Name | Annotator class name | Requirement | Generated Annotation | Description |
---|---|---|---|---|
mwt | MWTProcessor | tokenize | Expands multi-word tokens (MWTs) into multiple words when they are predicted by the tokenizer. Each Token will correspond to one or more Word s after tokenization and MWT expansion. | Expands multi-word tokens (MWT) predicted by the TokenizeProcessor. This is only applicable to some languages. |
Options
Option name | Type | Default | Description |
---|---|---|---|
mwt_batch_size | int | 50 | When annotating, this argument specifies the maximum number of words to process as a minibatch for efficient processing. Caveat: the larger this number is, the more working memory is required (main RAM or GPU RAM, depending on the computating device). |
Example Usage
The MWTProcessor processor only requires TokenizeProcessor to be run before it. After these two processors have processed the text, the Sentence
s will have lists of Token
s and corresponding syntactic Word
s based on the multi-word-token expander model. The list of tokens for a sentence sent
can be accessed with sent.tokens
, and its list of words with sent.words
. Similarly, the list of words for a token token
can be accessed with token.words
.
Accessing Syntactic Words for Multi-Word Token
Here is an example of a piece of text in French that requires multi-word token expansion, and how to access the underlying words of these multi-word tokens:
import stanza
nlp = stanza.Pipeline(lang='fr', processors='tokenize,mwt')

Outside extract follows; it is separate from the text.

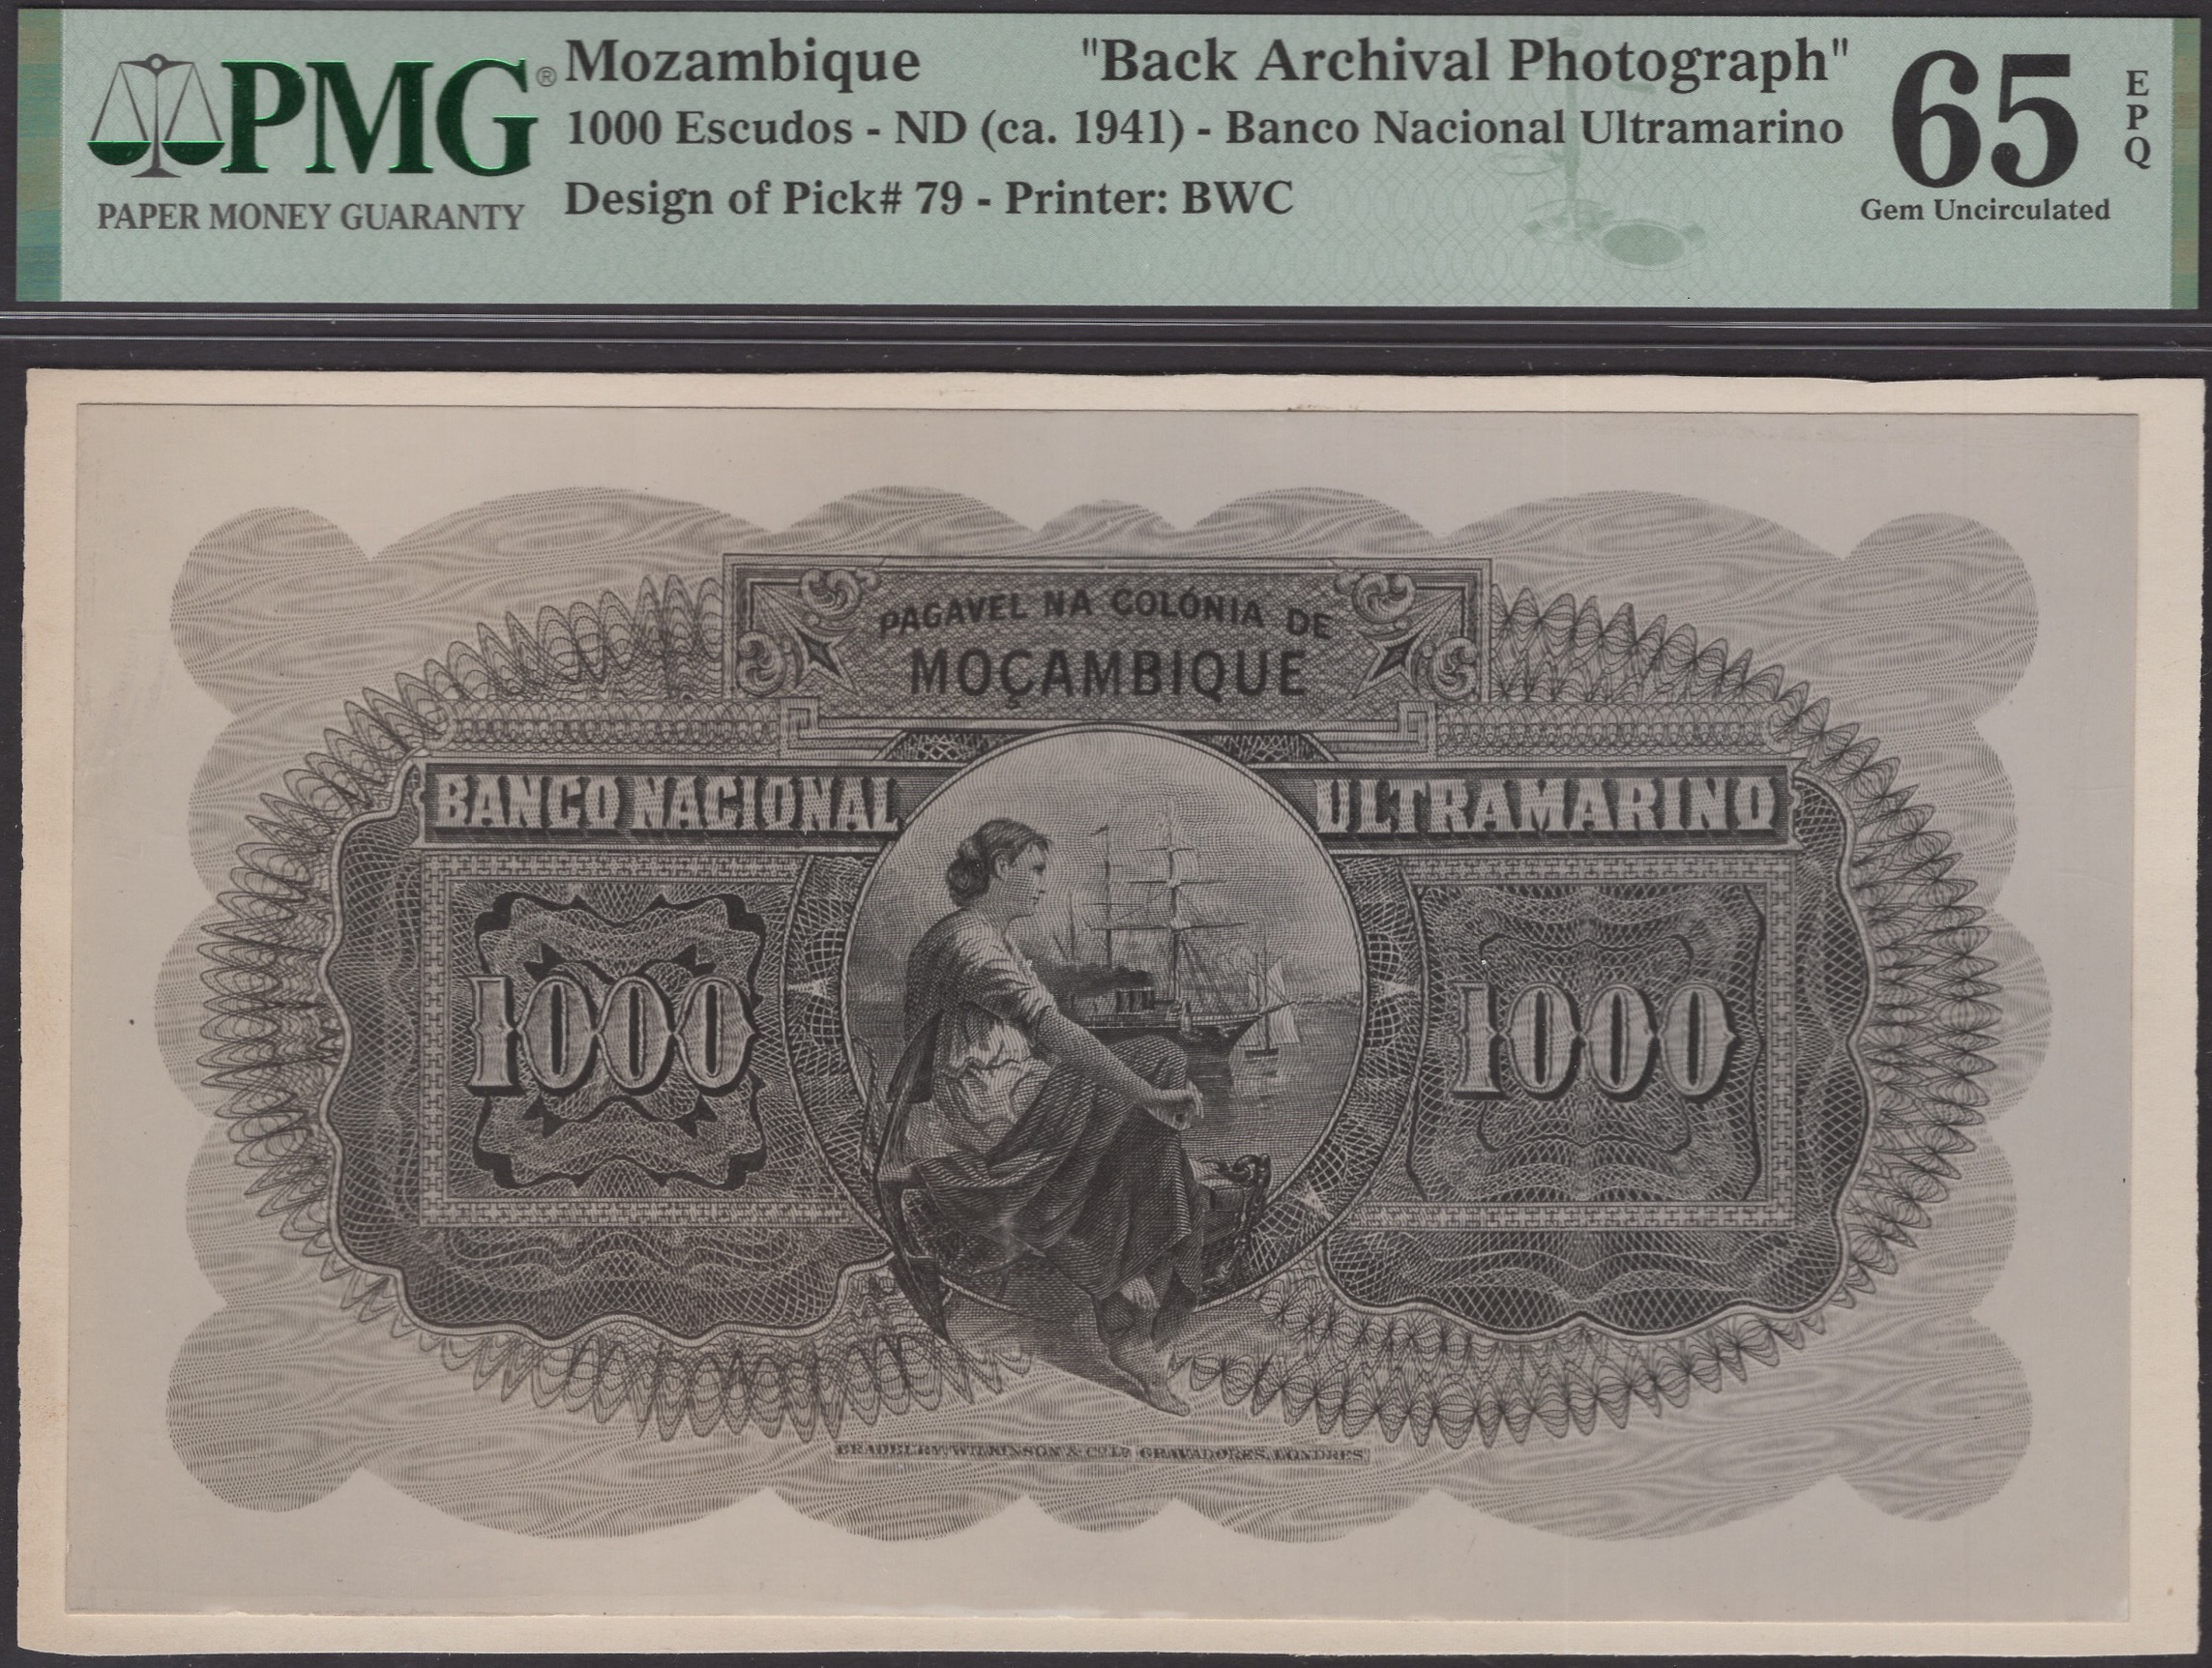 Banco Nacional Ultramarino, Mozambique, obverse (1) and reverse (2) archival photographs...

doc = nlp('Nous avons atteint la fin du sentier.')
for token in doc.sentences[0].tokens:
print(f'token: {token.text}\twords: {", ".join([word.text for word in token.words])}')
As a result of running this code, we see that the word du is expanded into its underlying syntactic words, de and le.
token: Nous words: Nous
token: avons words: avons
token: atteint words: atteint
token: la words: la
token: fin words: fin
token: du words: de, le
token: sentier words: sentier
token: . words: .
Accessing Parent Token for Word
When performing word-level annotations and processing, it might sometimes be useful to access the token a given word is derived from, so that we can access its character offsets, among other things, that are associated with the token. Here is an example of how to do that with Word
’s parent
property with the same sentence we just saw:
import stanza
nlp = stanza.Pipeline(lang='fr', processors='tokenize,mwt')
doc = nlp('Nous avons atteint la fin du sentier.')
for word in doc.sentences[0].words:
print(f'word: {word.text}\tparent token: {word.parent.text}')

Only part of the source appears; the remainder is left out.